Почти беззвучно выдохнув (матушка отучила от лишних возгласов), я не заметила, как сзади подошли и встали игуменья и доктор.
Затуманено, как из-под толщи воды слушала,  остолбенев, что он негромко говорил великой княгине: «А вот, матушка Елизавета Федоровна, еще случай. Вот, с передовой офицер, привезли тяжелым из-под пальбы, где какой-то местный эскулап, кудесник, не побоявшись гангрены и начальства, оставил ему целыми обе раненые ноги… Я бы мигом оттяпал – молодец уже бы в постели сидел и анекдоты боевые слагал, но нет – не решились эти военные светила, распротак их, бессовестных – Впростите меня,  Ваше Сиятельство. Теперь воспаление, состояние резко ухудшилось и все хуже.

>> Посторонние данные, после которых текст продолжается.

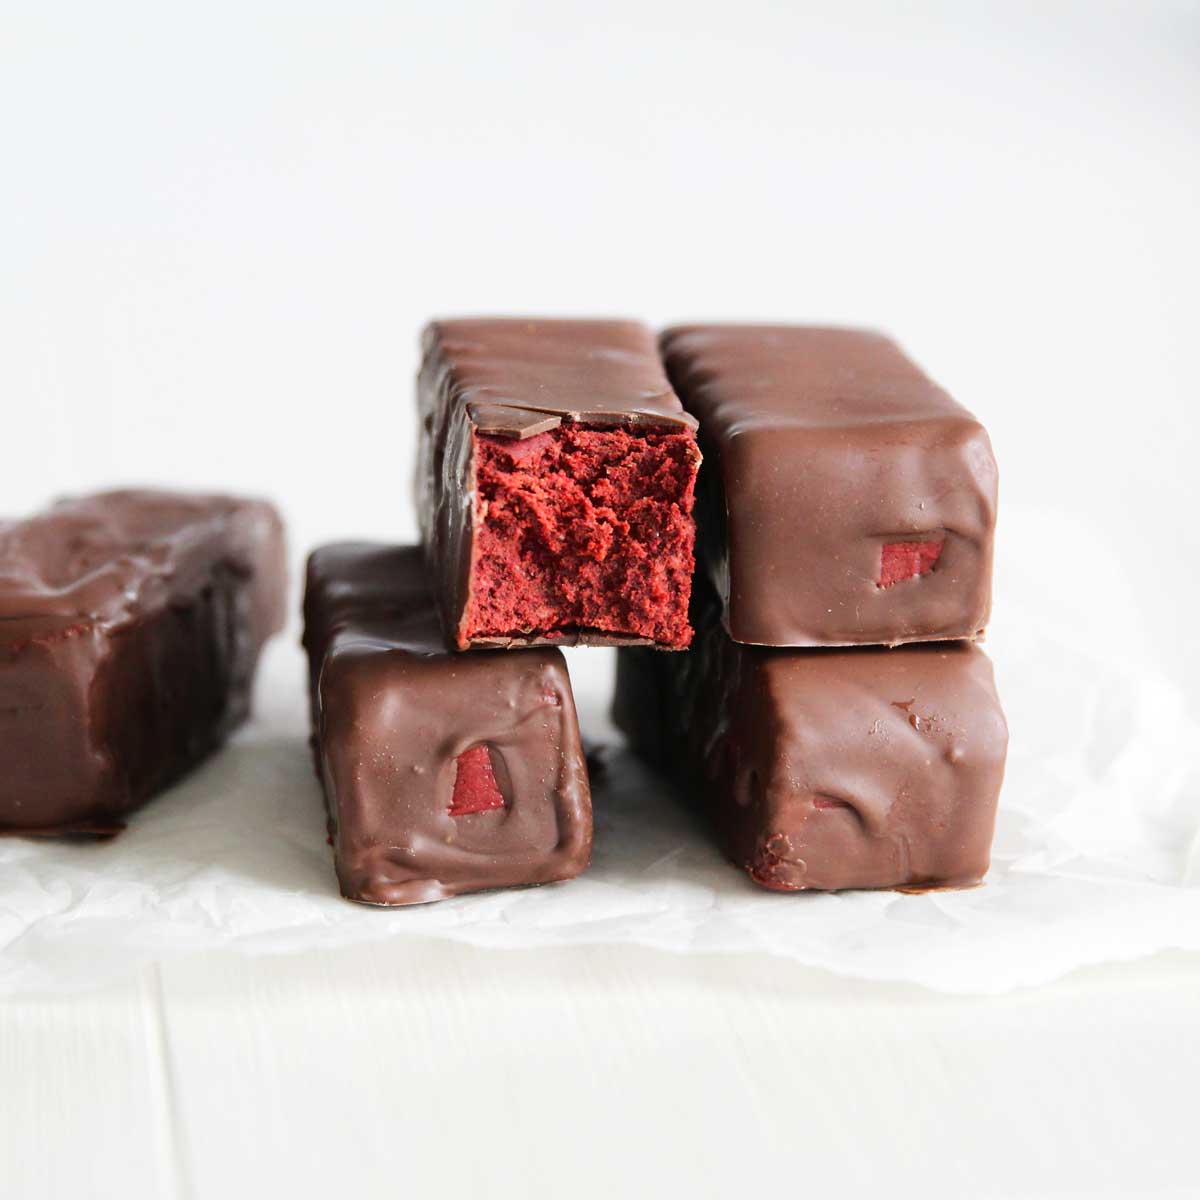 Gluten Free Red Velvet Cake Protein Bars (The Best Guilt-Free Dessert) - Zero-Sugar Whipped Cream

Больной, как потом сказали, сам попросился в Тулу, в бреду повторял про какую-то речку с лодкой, про какое-то  поместье… Понятное дело,  с вокзала привезли прямо к нам. А привезли, верно, умирать. Ног не отрезали, пожалели, а  чтобы помощь как надо оказать, это они не могут. Заражение началось в пути, и вот итог – трое суток без сознания. Дыхание поверхностное, реакций почти нет. Видели, белки одни – глаза закатились?.. Что можем, колем, хотя понимаем – зря изводим препараты…  Ампутировать поздно. Сестры от дела отвлекаются, над ним сидят и плачут, и молодые и старые, ах, говорят, какой невероятный красавец! Брить не бреем, для чего? Он душой перед Господом почитай что предстал, а организм вон какой мощный, не уходит – цепляется…»
Елизавета Федоровна давно перестала слушать доктора – едва коснувшись воскового лба больного, она увидела в отражении стеклянной двери сильно переменившееся лицо спутницы. Валентина глядела во все глаза, и матушка только молча, настойчиво потянулась к ней и водила пальчиком по ее бесчувственной ледяной руке. Рука не реагировала... Пора заканчивать великокняжеский визит.
«Довольно, нам пора», – наконец, мягко, но категорично  сказала усталому  врачу настоятельница тоном великой княгини и быстрым шагом  направилась  в коридор, неожиданно сильным движением увлекая за собой готовую потерять сознание сестру.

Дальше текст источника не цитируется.